» **WORK TO BE COMPLETED**:
Could you write out the line containing "It&rsquo;s safe to say we are obsessed. 🙌" and all the lines below it in the data, exactly, through the final one and nothing else?

-- RECORDED DATA follows --

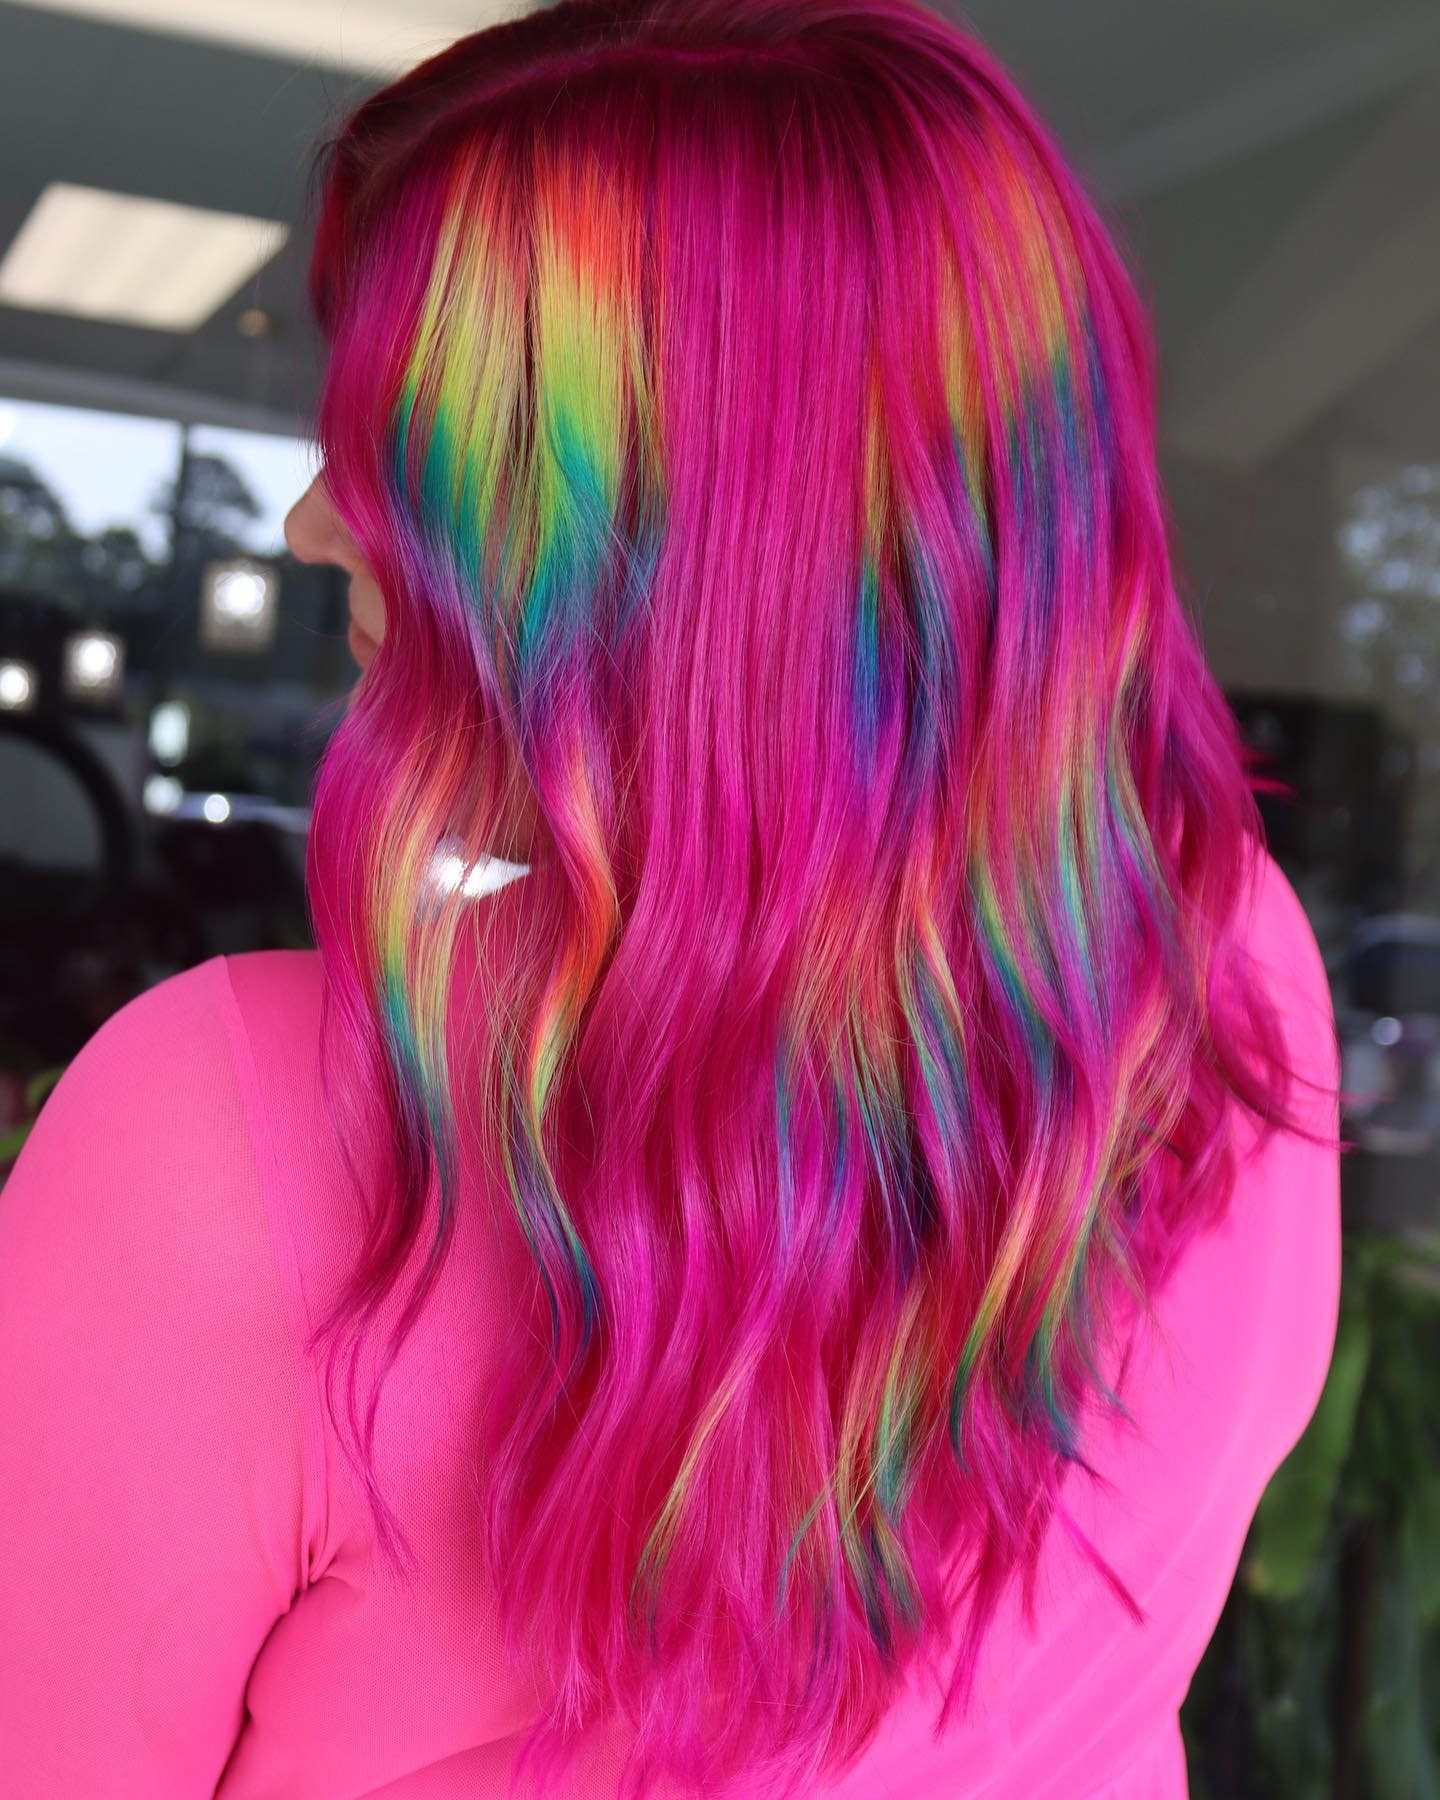 This Danger Jones masterpiece by Ashlee is giving what it needed to give &amp; MORE. 😍💗

It&rsquo;s safe to say we are obsessed. 🙌

#salon #hair #beauty #haircut #hairstylist #haircolor #hairstyles #hairstyle #cary #hairsalon #carync #balayage #ha

-- RECORDED DATA concluded --

» **ANSWER BELOW**:
It&rsquo;s safe to say we are obsessed. 🙌

#salon #hair #beauty #haircut #hairstylist #haircolor #hairstyles #hairstyle #cary #hairsalon #carync #balayage #ha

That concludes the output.